Company Overview:
ATL, A Bureau Veritas Company is a professional services organization with an ever-broadening service portfolio to support FDA-regulated products and companies worldwide. Providing scientific, engineering, and regulatory laboratory services, we seamlessly leverage our expertise within the consumer product goods, pharmaceutical, and medical device industries.

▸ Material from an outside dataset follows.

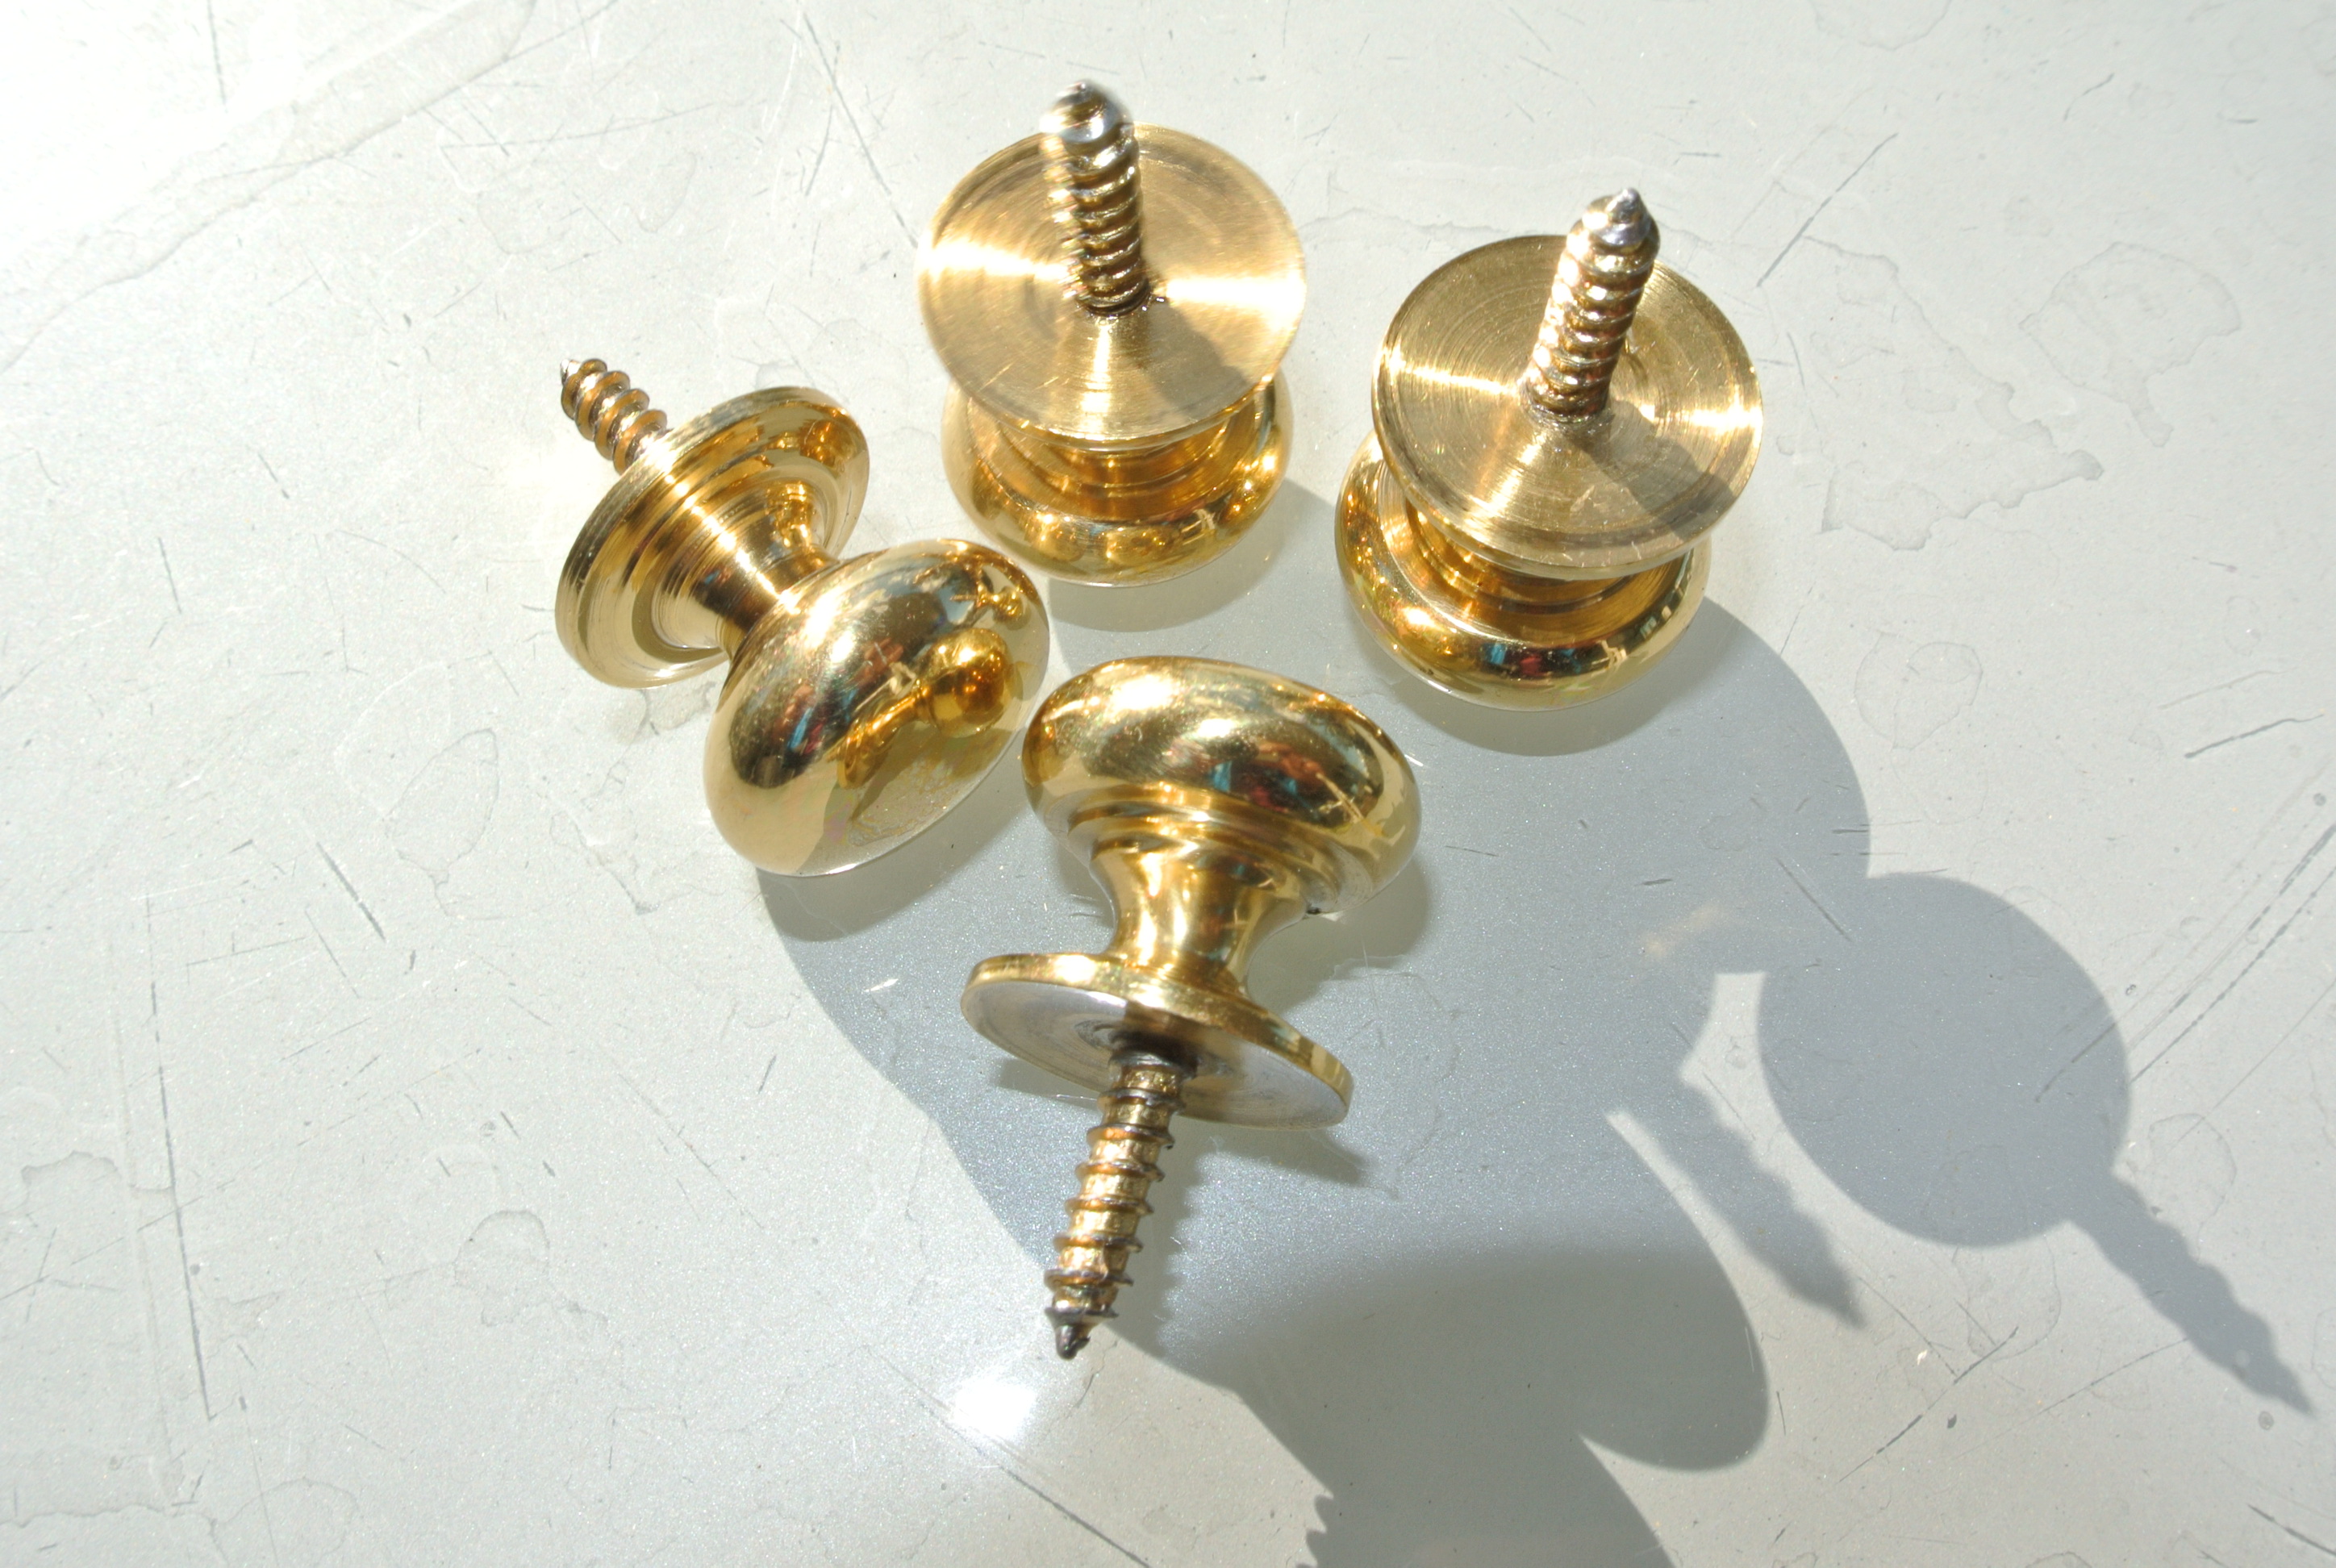 4 very small screw KNOBS pulls handles watson 237A antique solid

Headquartered in Cincinnati, Ohio, we are a highly profitable and nimble entrepreneurial organization comprised of nearly 500 experts who work throughout the United States. Anchored by the mission to add value to our clients throughout all stages of the product life cycle, we are the most desired business partner for our Fortune 500 clients.
Schedule:
12-hour rotating day/night shift (2-2-3), working every other weekend
Position Summary:
The Analytical Chemist will work both independently and under the supervision of a manager. They will have access to the manager and other colleagues to answer questions. The purpose of the role is to perform quality testing on raw materials, in process and finished goods.
Duties & Responsibilities:
Perform various sample preparation, extraction, and analysis techniques utilizing analytical methods. Perform serial dilutions to create standards and quality control samples following a written method. Perform identification, gravimetric, qualitative, and physical testing on a routine basis. Execute titration testing, chromatography (GC and/ or HPLC) and atomic absorption (AA). Utilize basic instrumentation to perform testing on a routine basis. Meet all testing assignment deadlines and document all analysis in a timely and accurate manner. Perform method validations and verifications. Complete DIR/OOS/CAPA documentation. Assess SOPs and methods, recommend and initiate changes as needed. Support audit activities. Perform routine lab maintenance, maintaining a clean and safe laboratory space. Other duties as assigned
Education & Experience:
Bachelor's Degree in Chemistry or related scientific discipline Strong interpersonal skills such as relationship building, initiative, positive attitude, and team building. Ability to present facts and recommendations effectively, both written and verbal. Ability to manage time and prioritize work effectively. Ability to work independently as well as in a team environment. Accurate data management, sorting and interpreting. Ability to work in a fast-paced, agile environment. Proficient in Microsoft Office suite. 0-1 years of experience working with GC, HPLC or Atomic Absorption (AA) preferred. Experience in an FDA or cGMP regulated environment preferred. Understanding of theoretical knowledge behind instrumentation and methodology including method validation preferred. Experience in the consumer products, pharmaceuticals or personal care industry preferred.
Physical & Travel Requirements:
Frequent standing up to 12 hours Frequent walking around a large manufacturing facility Frequent fine manipulation with hands Occasionally lifting up to 10lbs. 0% Travel
AT ATL, we are an Equal Opportunity Employer and take pride in a diverse environment. We do not discriminate in recruitment, hiring, training, promotion, or other employment practices for reasons of race, color, religion, gender, sexual orientation, national origin, age, marital or veteran status, medical condition or disability, or any other legally protected status. ATL strongly supports diversity in the workplace.